Presbyterian Support retail manager Chrissy Anderson said they spent thousands of dollars each year disposing of unwanted items that came into the store, including unwashed and heavily soiled clothes and bedding.

Staff had to wear gloves and masks when unpacking donated goods. Some types of old clothes and sheets were popular with mechanics for use as rags but they had to be clean.

She estimated about 15% of donations were totally unusable.

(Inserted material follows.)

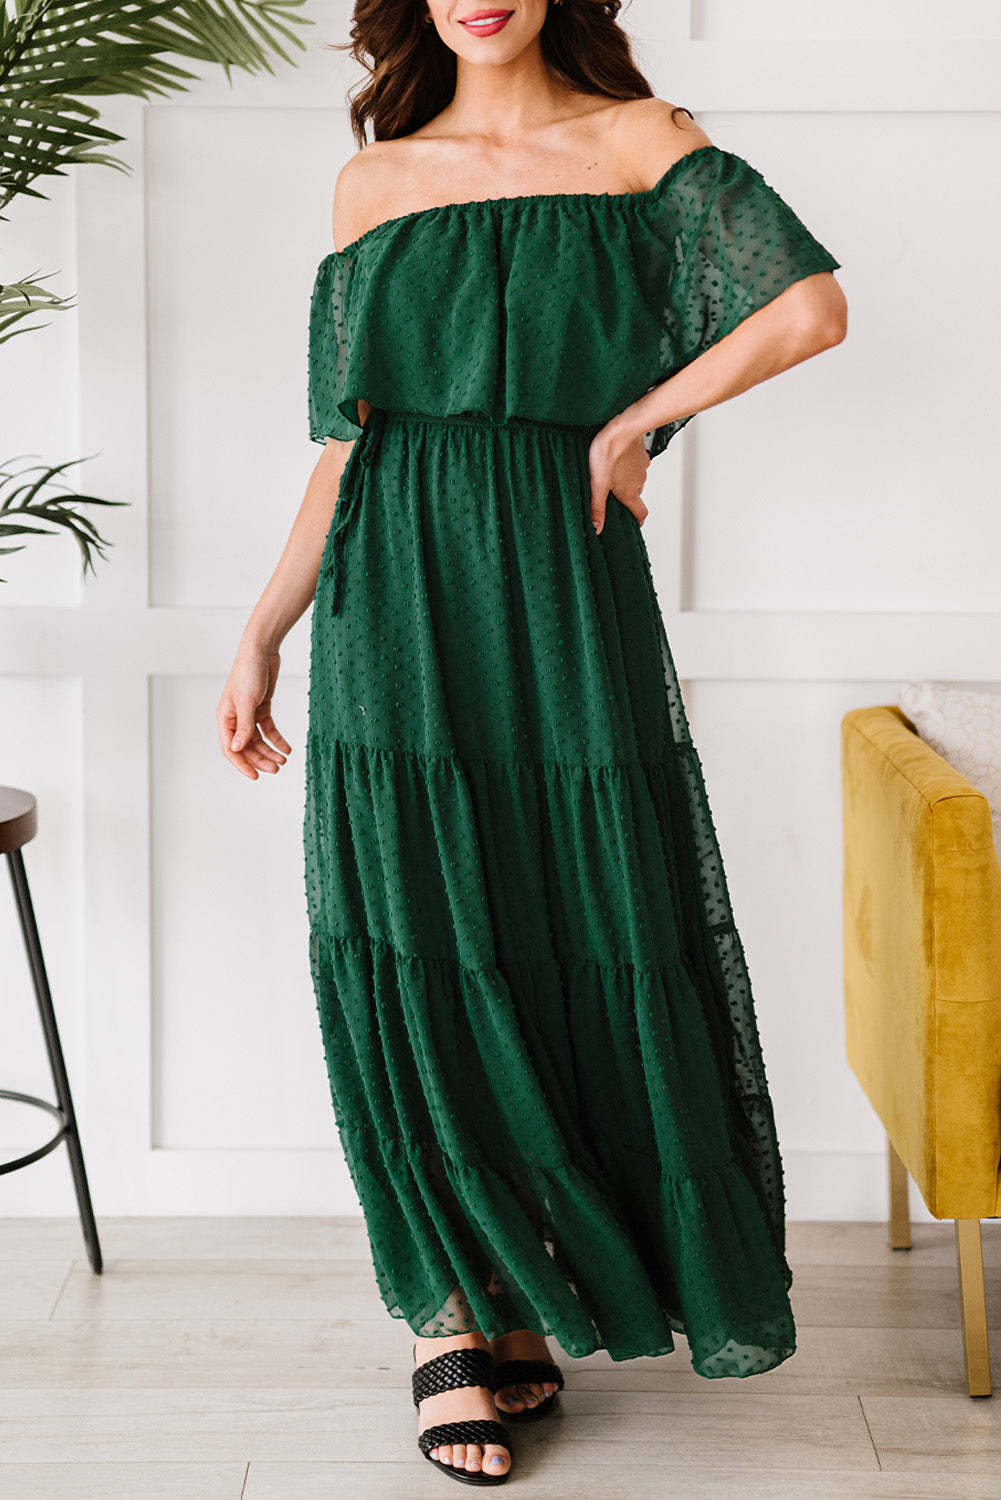 Green New Boho Off Shoulder Ruffle Swiss Dot Maxi Dress $ 44.99 - Evaless

''In the most part we get really good donations but our rubbish costs are extraordinary and they are going up constantly.''

Mrs Orbell said a meeting was being arranged soon with charity shop administrators and Dunedin City Council staff to work out what could be done about the problem.

- by Dan Hutchinson 

Dumping

Travelling along Big Stone Road yesterday through the forest and see another huge pile of domestic waste dumped at the side of the road by some lazy drop kick. 100% pure, yeah right.

Source

Why are people doing this? The cost of disposal is unreasonable to some individuals, we need a fairer system so anybody can use public free of charge landfills and recycling funded by council. The country side will be dumping zones next if we don't act...

Dumping

Being a volunteer at the Mosgiel Salvation Army shop I know the amount of rubbish that is dumped over the weekend. I also know that there are good and generous people out there that bring in good items and as such charity shops have to take the good with the bad. The City Council is partly to blame for the dumping by the raised tip charges.